Fiessinger JN, Schafer M. Buerger’s disease in the modern era. The clinical criteria for TAO, edited by Olin in include: For example, prostaglandins like Limaprost [10] are vasodilators and give relief of pain, but do not help in changing the course of disease.

N Engl J Med. It usually affects men below 45 years old and correlates with tobacco, as a predisposing factor. Searches for rheumatoid factor, anti-nuclear antibodies, anti-centromere antibodies, anti-SCL antibodies and ANCA are necessary, but should be negative, as should tests for hypocomplementaemia, cryoglobulinaemia, hepatitis B and C. A study of the vascular lesions leading to presenile spontaneous gangrene.
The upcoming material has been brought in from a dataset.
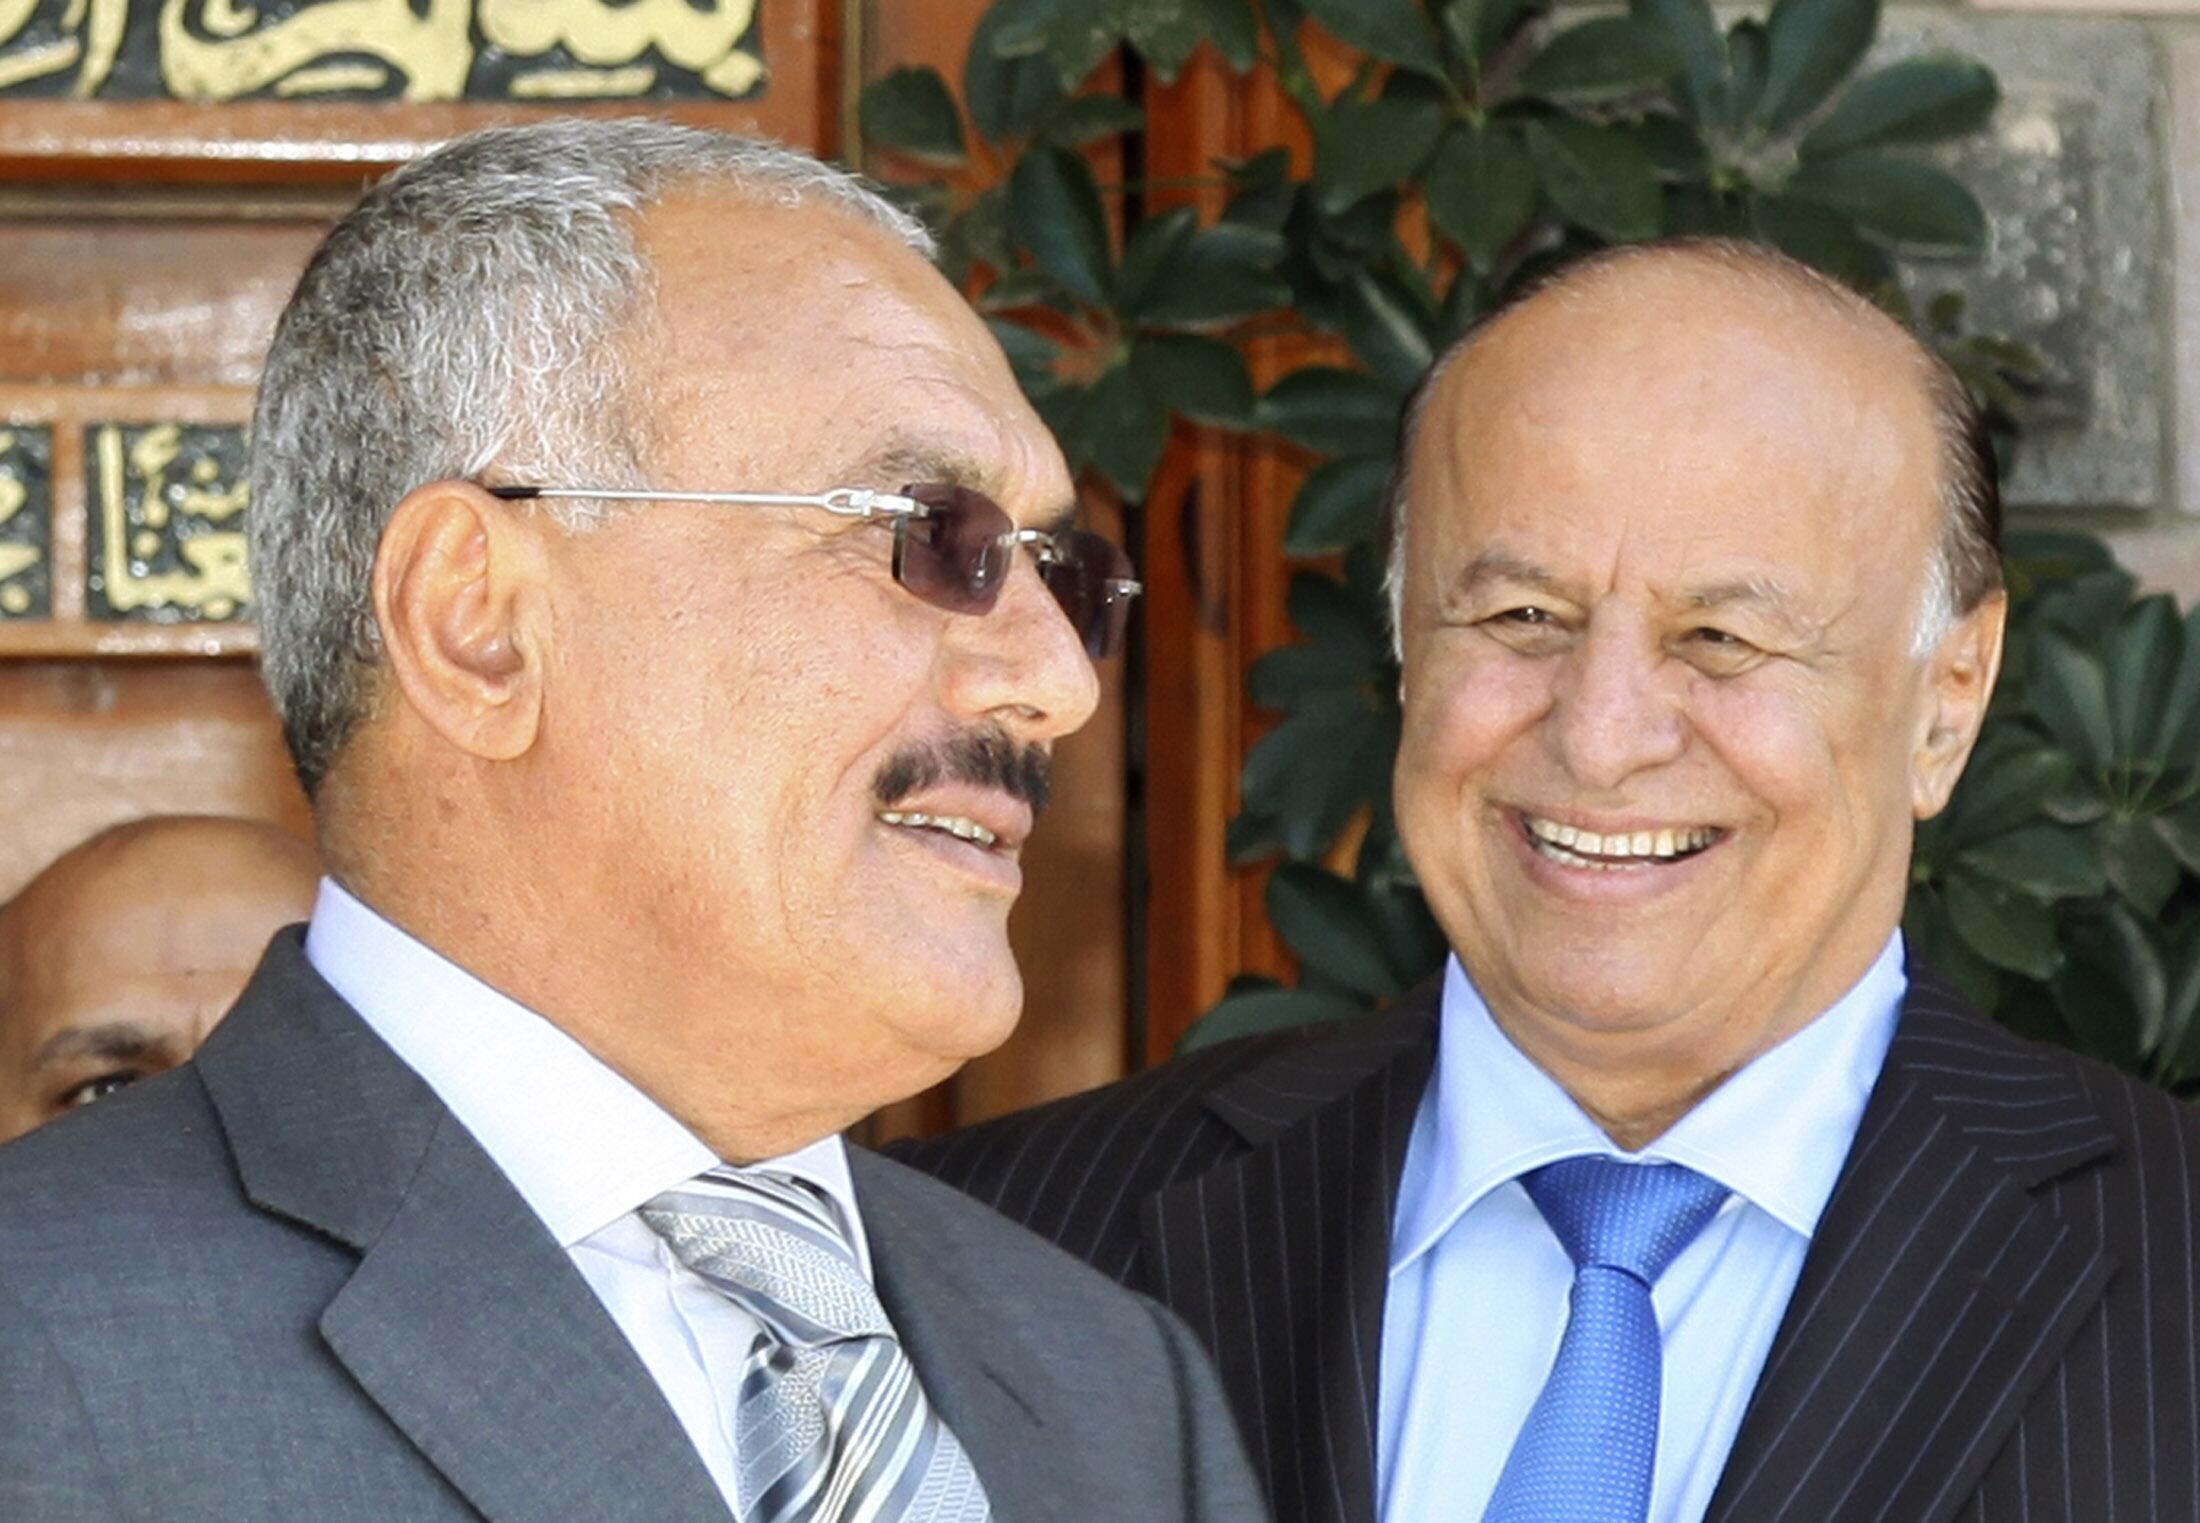 Yemen's President Ali Abdullah Saleh (L) and Vice President Abd-Rabbu Mansour Hadi smile at the Presidential Palace in Sanaa February 9, 2011.

Chronic venous insufficiency Chronic cerebrospinal venous insufficiency Superior vena cava syndrome Inferior vena cava syndrome Venous ulcer. A year-old black male presented in the medicine clinics with a 6 year history of ulcers in the fingertips of both hands and feet with progressive worsening: The author and journalist John McBeth describes his experiences of the disease, and treatment for it, in a chapter called ‘Year of the Leg’ in his book entitled Reporter.

TAO usually begins with ischemia of the distal small arteries and veins.